つまり、将軍が死んでもいいのか、というおどしは、なによりも有効であった。玄朴はこの一点で挺子の支点にして大石を崖からころげおとそうという肝づもりだった。
(こいつは、凄い男だ)
と、井伊もおったにちがいない。
井伊も、玄朴がいい加減な医者ならばその発言にこうも耳を傾けなかったであろう。井伊が玄朴を奥御医師にえらんだということが即刻大奥につたわったとき、歓声があがるようなぐあいだったといわれる。よくきいてみると、玄朴名医説の謡い手は遠藤但馬守だけではなかった。じつは、玄朴が御じいをつとめる佐賀藩鍋島家の当主鍋島直正の夫人は、前々将軍家斉の息女で、盛姫という。この鍋島夫人が玄朴好きで、かれが希代の名医であるということを、かねて江戸城の奥のひとびとに吹聴していていたため、玄朴の名を知らぬ者がなかったのである。
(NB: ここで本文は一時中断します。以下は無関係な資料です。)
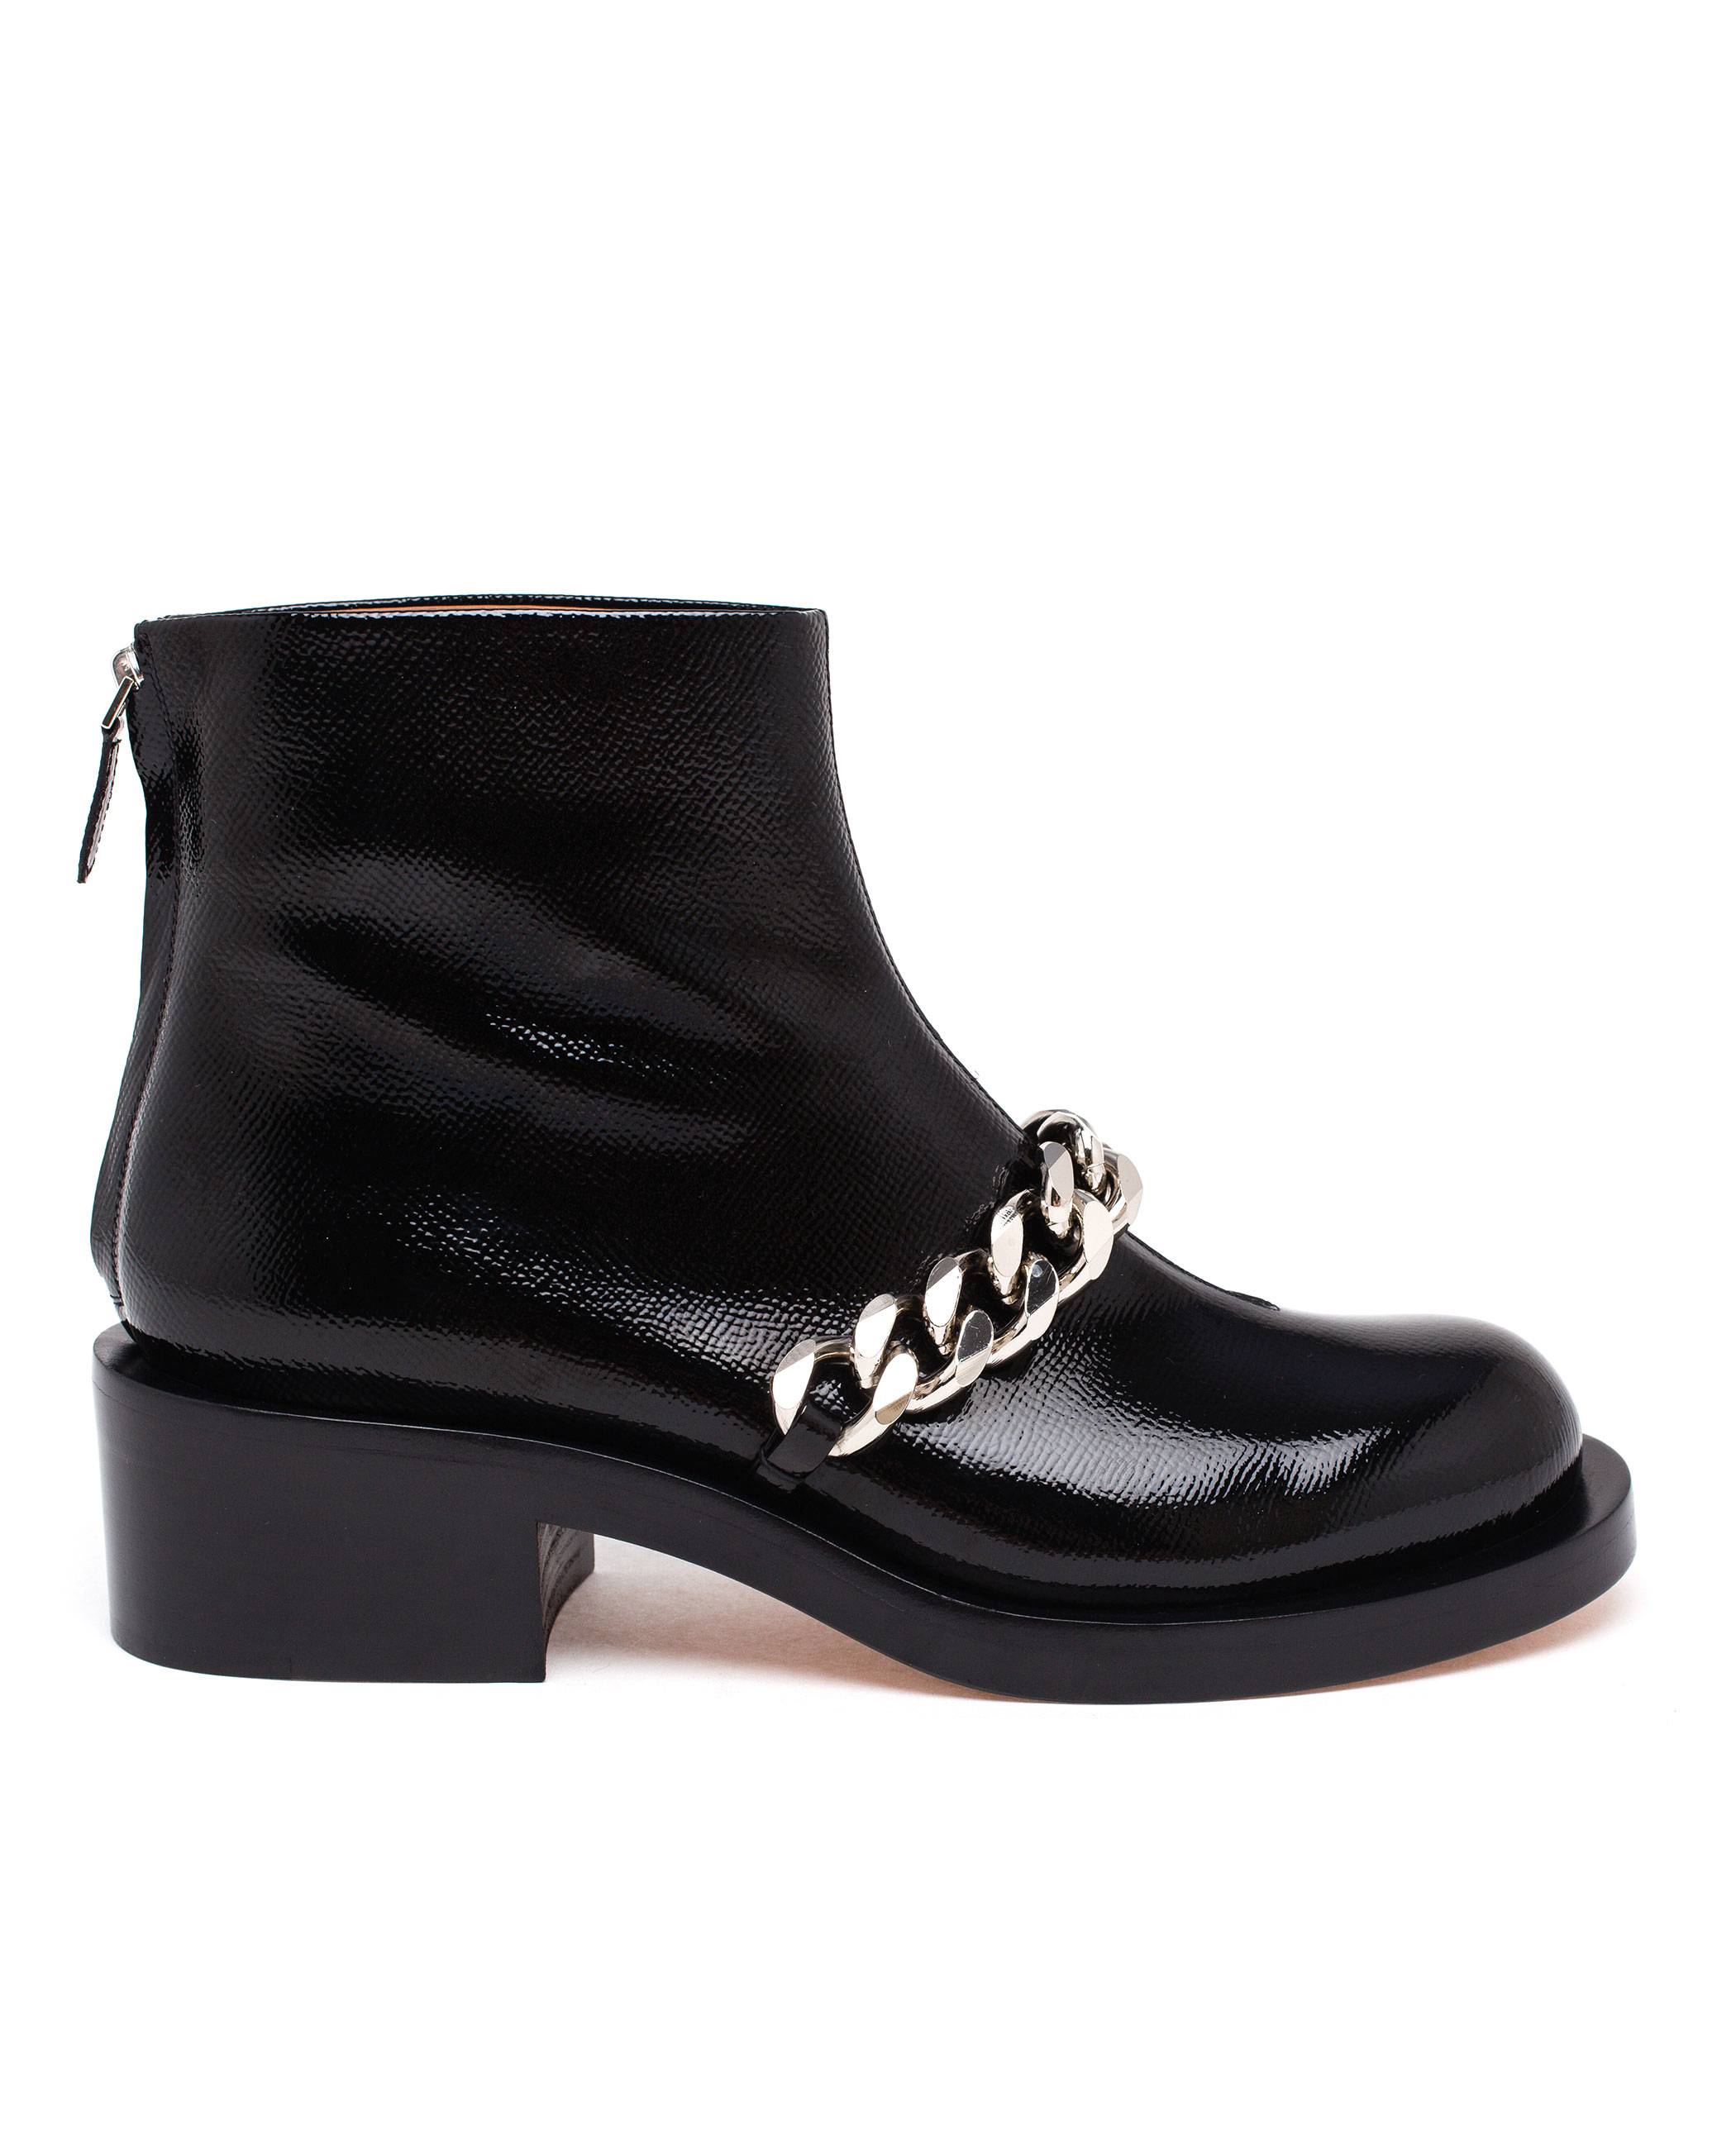 Lyst - Givenchy Patent Leather Chain Boots in Black

井伊は、大奥の支持があって、かれが願望し、推進してきた紀州慶福を養君にすることができた。大奥の世論をことさら気にするところがあったため、玄朴を非常登用したということは、井伊の大奥における声望を増すことでもあり、その意味からいって井伊にとって、玄朴そのものが医師というより、政治的価値をもつ存在なのである。井伊は自己の思想をさておき、玄朴のいうことなら何でもきく姿勢を最初からとっていた。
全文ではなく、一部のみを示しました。